Listed entries:
=== Section Start ===

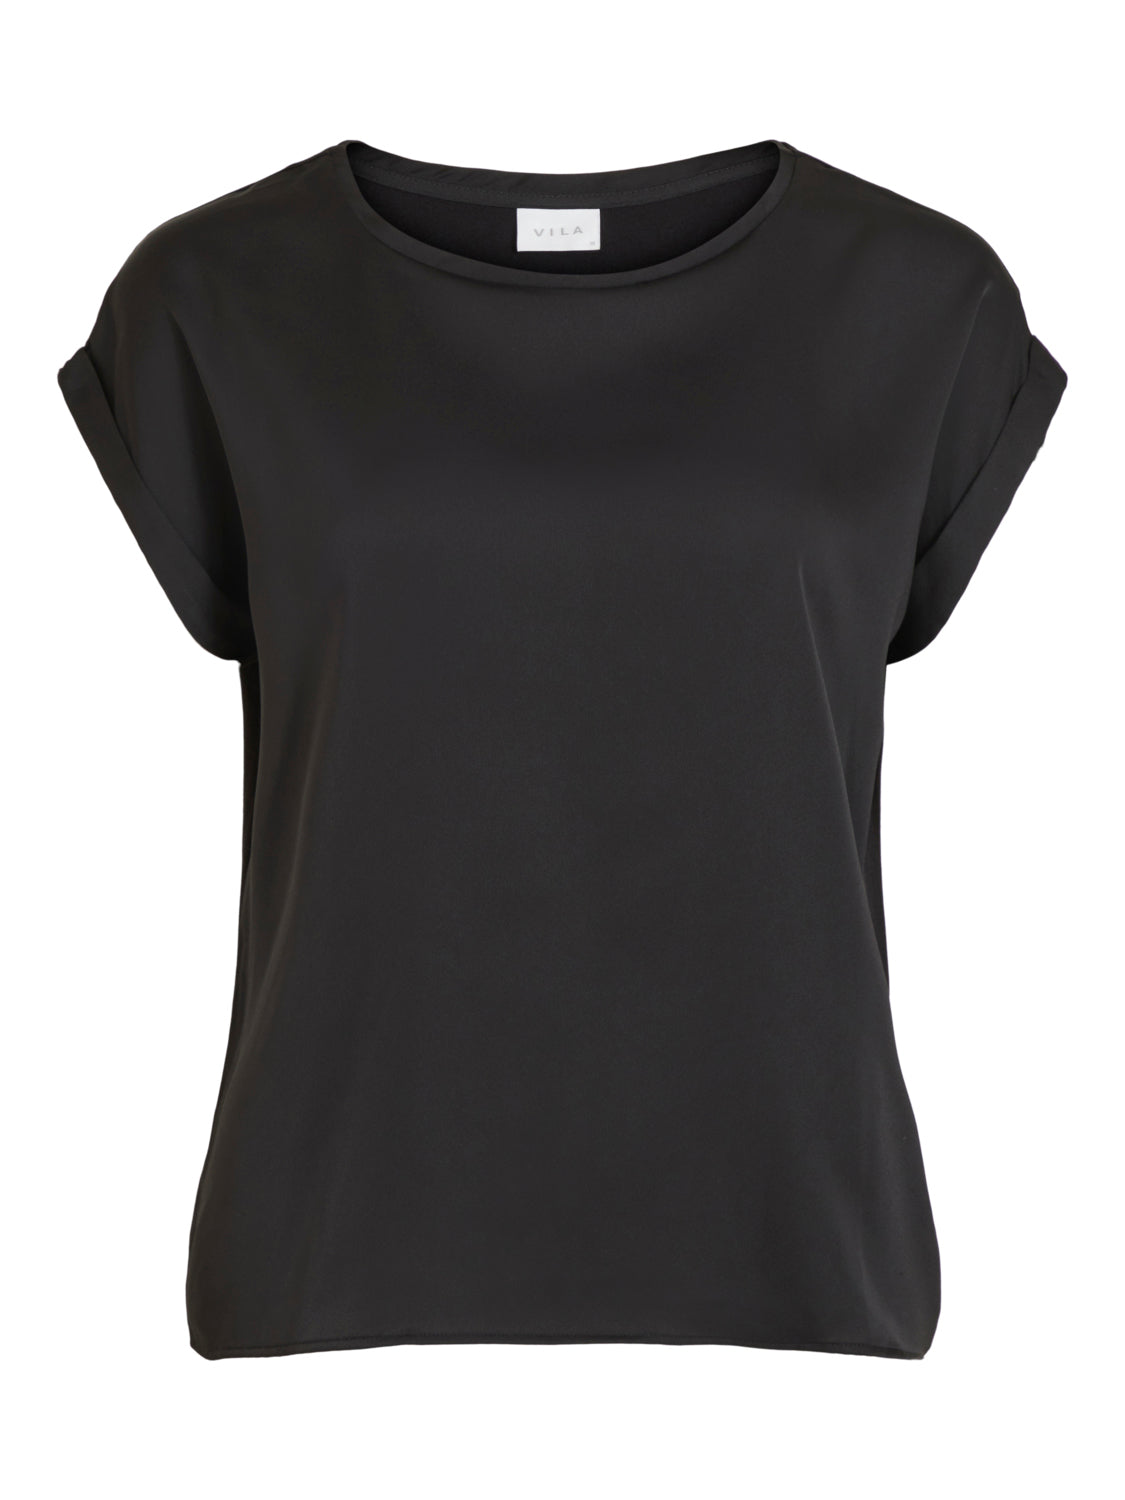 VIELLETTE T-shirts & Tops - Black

=== Section End ===
=== Section Start ===

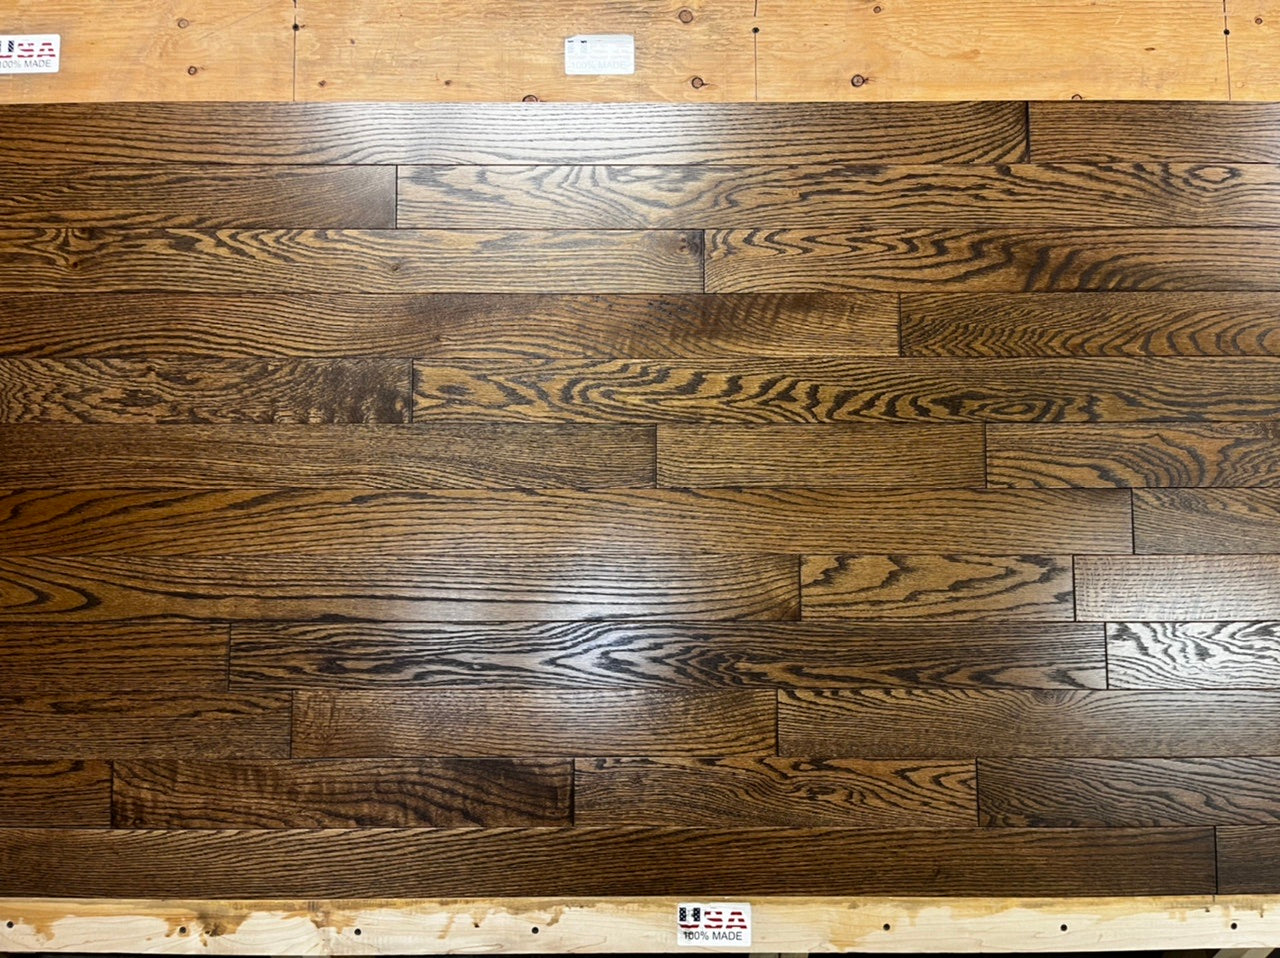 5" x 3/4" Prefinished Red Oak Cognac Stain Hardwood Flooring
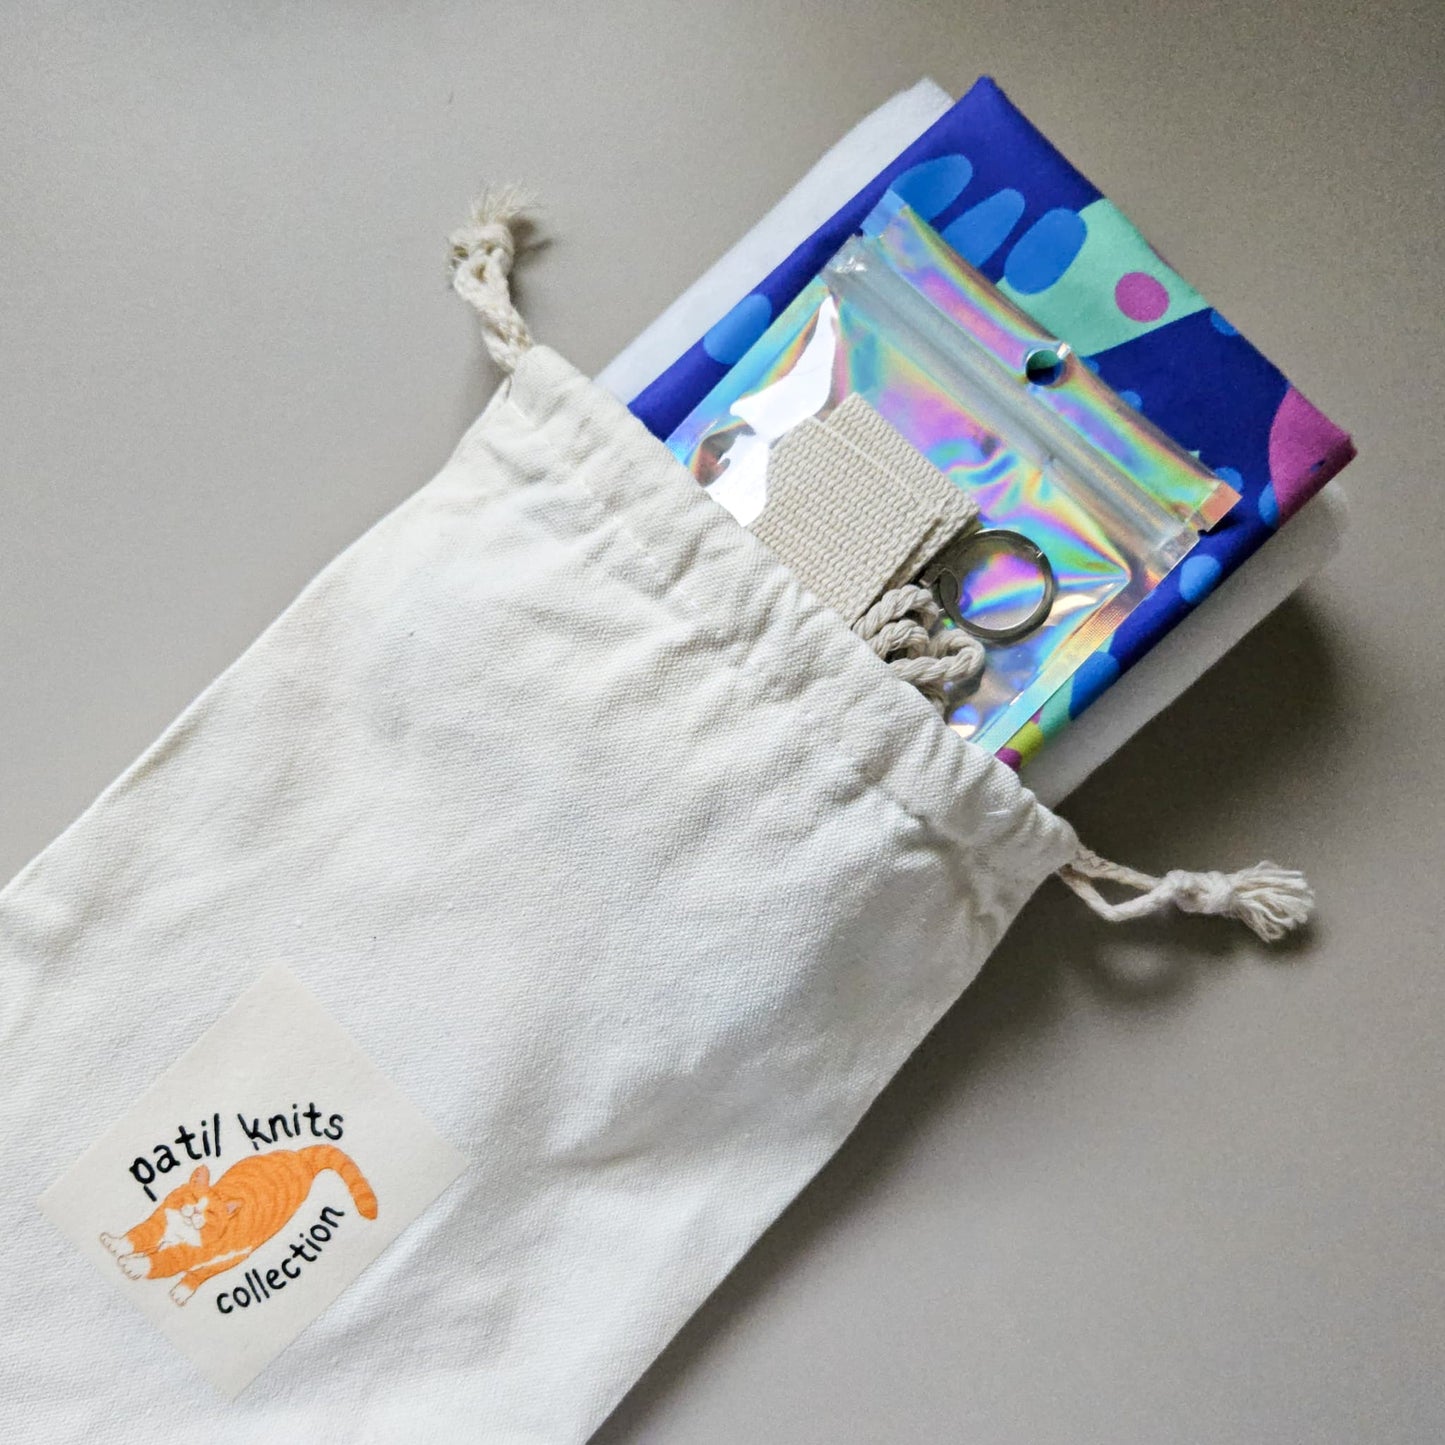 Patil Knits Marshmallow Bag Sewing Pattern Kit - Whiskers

=== Section End ===

The problem: Although pictures appear among the entries, please set down only the lines from the one with "Stain Hardwood Flooring" up to and including the one with "Patil Knits Marshmallow", word for word.

Output:
 5" x 3/4" Prefinished Red Oak Cognac Stain Hardwood Flooring
 Patil Knits Marshmallow Bag Sewing Pattern Kit - Whiskers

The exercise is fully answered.